Carlos Milhazes

Personal information
- Full name: Carlos Alberto Lourenço Milhazes
- Date of birth: 17 March 1981 (age 45)
- Place of birth: Póvoa de Varzim, Portugal
- Height: 1.82 m (5 ft 11+1⁄2 in)
- Position: Left-back

Youth career
- 1991–2000: Varzim

Senior career*
- Years: Team / Apps / (Gls)
- 2000–2002: Caçadores Taipas / 34 / (1)
- 2002–2004: Varzim / 47 / (2)
- 2004–2005: Boavista / 14 / (0)
- 2005–2008: Rio Ave / 76 / (15)
- 2008–2009: Politehnica Timişoara / 28 / (0)
- 2009: → Vitória Guimarães (loan) / 10 / (0)
- 2009–2010: Vitória Guimarães / 6 / (0)
- 2010–2011: Rio Ave / 10 / (1)
- 2011–2012: Chaves / 25 / (7)
- 2012–2013: Enosis Neon / 23 / (2)
- 2013–2015: OFI / 45 / (6)
- 2015–2017: Levadiakos / 47 / (2)
- 2017–2018: Varzim / 16 / (0)
- Total:  / 381 / (36)

= Carlos Milhazes =

Portuguese footballer

Carlos Alberto Lourenço Milhazes (born 17 March 1981) is a Portuguese former professional footballer who played as a left-back.

==Playing career==
Born in Póvoa de Varzim, Milhazes began his senior career with lowly Clube Caçadores das Taipas, later joining his hometown club Varzim S.C. (in the Segunda Liga). After appearing scarcely for Boavista F.C. in 2004–05's Primeira Liga, his first top-flight season, he signed with Rio Ave FC, experiencing both relegation and promotion.

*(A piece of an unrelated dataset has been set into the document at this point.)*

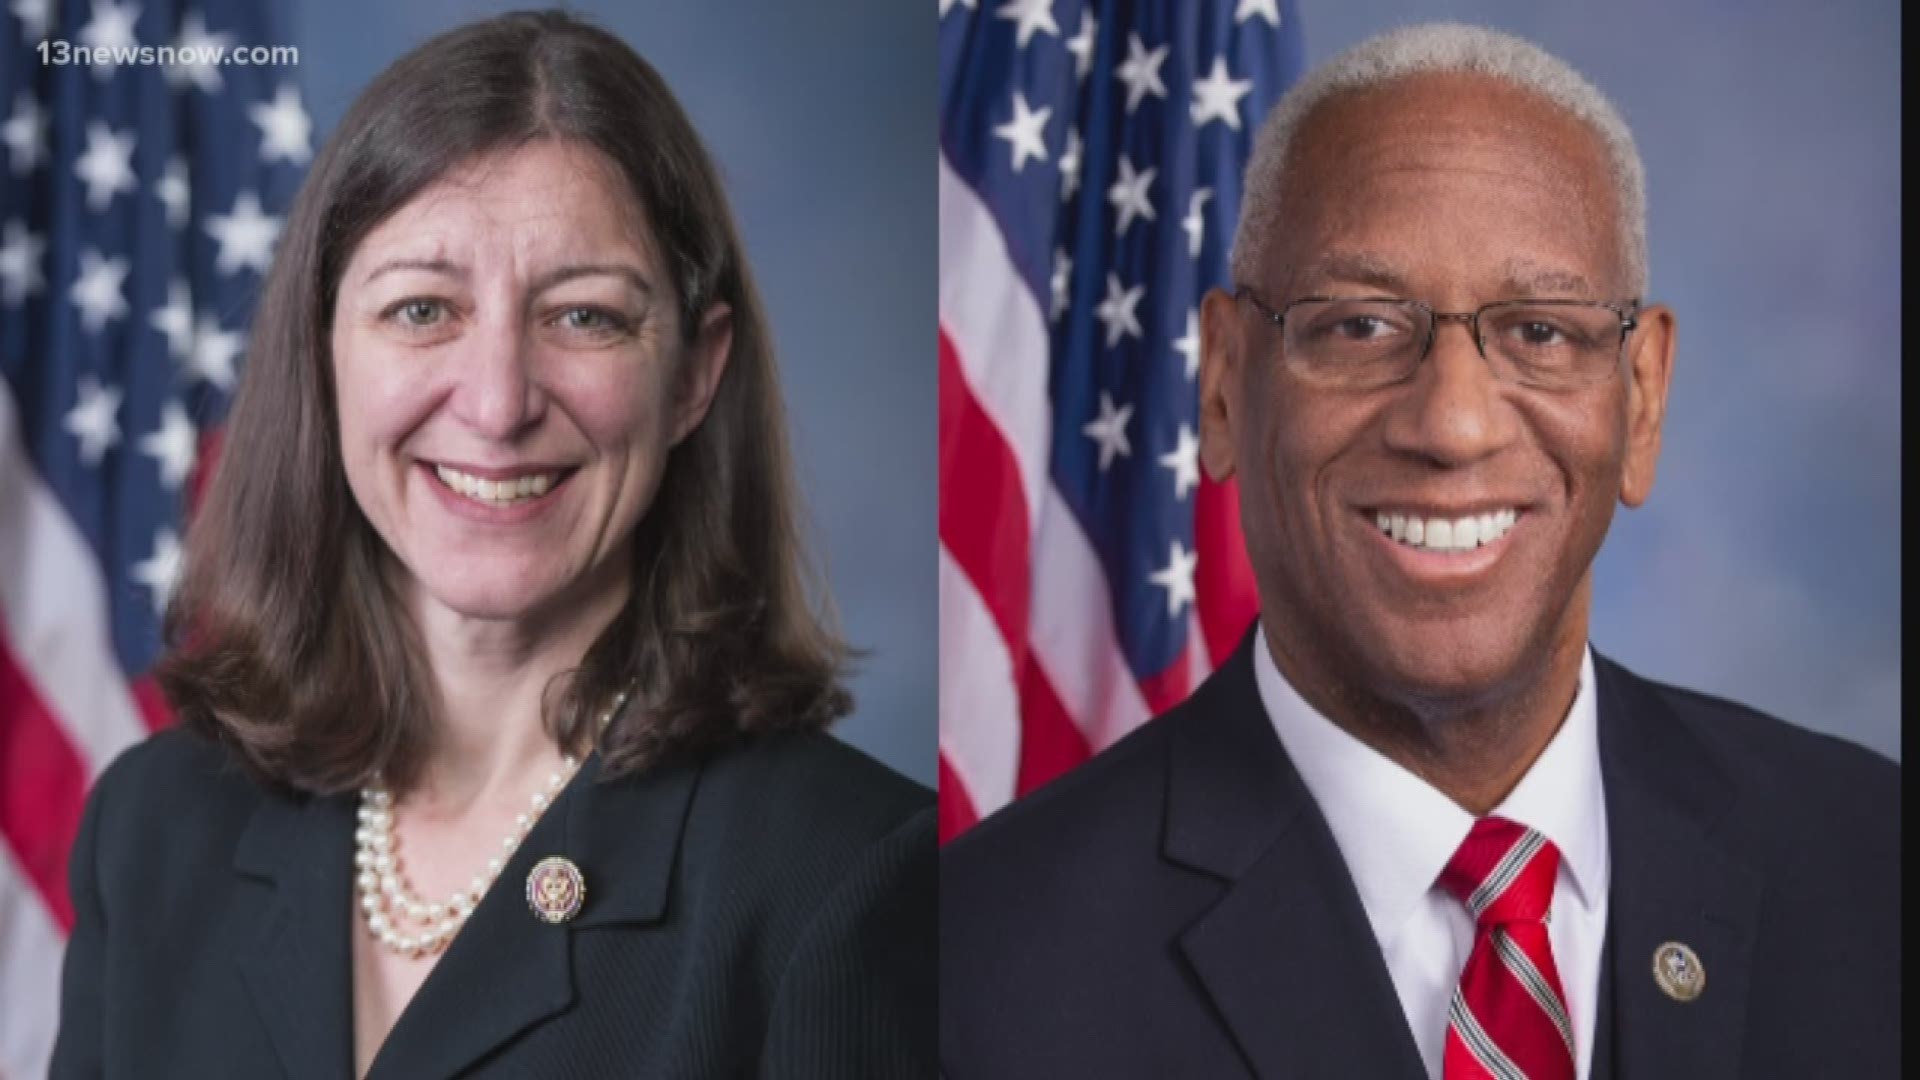 Representatives Elaine Luria and Don McEachin have called for the impeachment of President Donald Trump among others. Nancy Pelosi announced an inquiry into Trump.

Milhazes transferred to Romanian Liga I side FC Politehnica Timișoara in late January 2008, first on loan. After the move was made permanent, he returned to Portugal exactly one year later and signed with Vitória de Guimarães on loan until the end of the campaign, as a replacement for Jacques Momha who left for Turkey; in June 2009, he agreed to a permanent contract.

On 31 July 2010, having appeared rarely for Vitória throughout the league season, Milhazes returned to Rio Ave as a free agent. He finished his career well into his 30s, following spells with two teams in the Super League Greece as well as Varzim.

==Post-retirement==
After retiring, Milhazes settled in Switzerland, where he worked as a carpenter. He was also involved in football at amateur level, as a striker and manager.